The Internal Revenue Service on November 1, 2016 issued Notice 2016-66 (the Notice) requiring information reporting with respect to certain insurance or reinsurance transactions (often referred to as micro-captive transactions) involving captive insurance companies that claim the benefits of an election under Section 831(b) of the Internal Revenue Code (available to certain small insurance companies). The IRS and the Treasury Department are concerned that taxpayers are entering into potentially abusive micro-captive transactions (for example, by insuring against risks that are implausible or that do not match a business risk of the insured) in order to gain an inappropriate tax advantage, and are seeking information on these types of transactions in order to best formulate a response to this perceived abuse. The Notice identifies the transactions which, together with transactions which are substantially similar to the described transactions, are subject to this reporting. Information reporting for covered transactions would potentially be required for transactions occurring as far back as November 2, 2006.
Although targeted at identifying the types of transactions that the IRS and Treasury Department consider as having the potential for tax avoidance, these criteria are broadly crafted enough to potentially catch non-abusive transactions as well.
Information reporting and certain related record keeping requirements for covered transactions could potentially be required of the captive insurer, the insured (including potentially fronting companies used in a reinsurance model), and certain owners of the insured, as well as material advisors who provided tax statements with respect to the transaction.

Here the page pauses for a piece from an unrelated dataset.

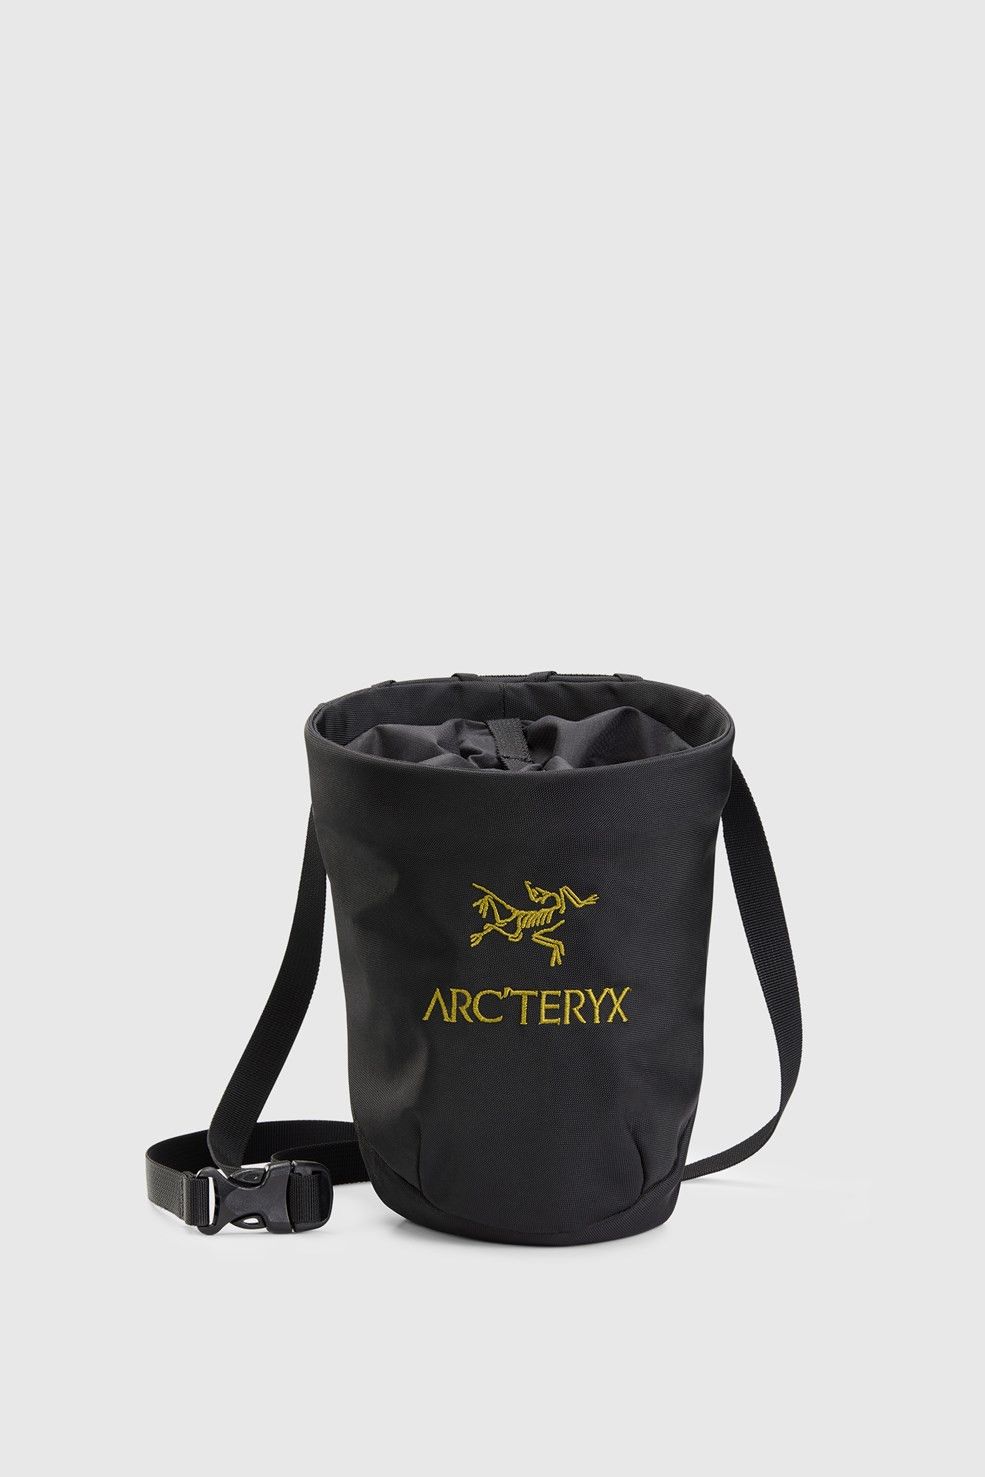 Arc'Teryx Arc'Teryx System A Quiver bag | Grailed

The owners of the insured, the insured, and the captive (and any fronting company used in a reinsurance model) for covered transactions must disclose their involvement to the IRS. These parties are required to annually file Form 8886, “Reportable Transaction Disclosure Statement,” with their tax returns beginning with the 2016 tax year. Retroactive reporting is also required for covered transactions from after November 2, 2006 and before January 1, 2016 (generally due by January 30, 2017). All disclosing parties must describe when and how they became aware of the transaction, and disclosing captives are required to provide certain additional detailed information. The disclosing parties must also retain a copy of all material documents and other records related to the transaction. Failure to disclose on Form 8886 could result in a penalty of 75% of the tax benefit of the transaction, with minimum and maximum penalties ranging from $5,000 to $50,000 depending upon the status of the reporting party.
Material advisors that have made a tax statement on or after November 2, 2006 with respect to covered transactions entered into on or after that date also have disclosure and record keeping obligations. A material advisor is generally a person who provided any material aid, assistance or advice with respect to organizing, promoting, implementing or insuring the transaction, and derives gross income in excess of $250,000 if substantially all of the tax benefits are provided to non-individual taxpayers (or $50,000 if substantially all of the tax benefits are provided to individuals). Material advisors must file Form 8918, “Material Advisor Disclosure Statement,” and maintain a list identifying each person that they acted as a material advisor to regarding such a transaction. Failure to disclose on Form 8918 could result in a penalty of $50,000, and failure to make the list available within 20 business days of a written request could result in daily penalties of $10,000.
Taxpayers utilizing a micro-captive structure should review their structure to determine whether these new reporting and record keeping requirements apply. As stated above, micro-captive transactions that are used for legitimate risk management purposes that do not involve tax avoidance could nonetheless be caught in the broadly crafted criteria of the Notice.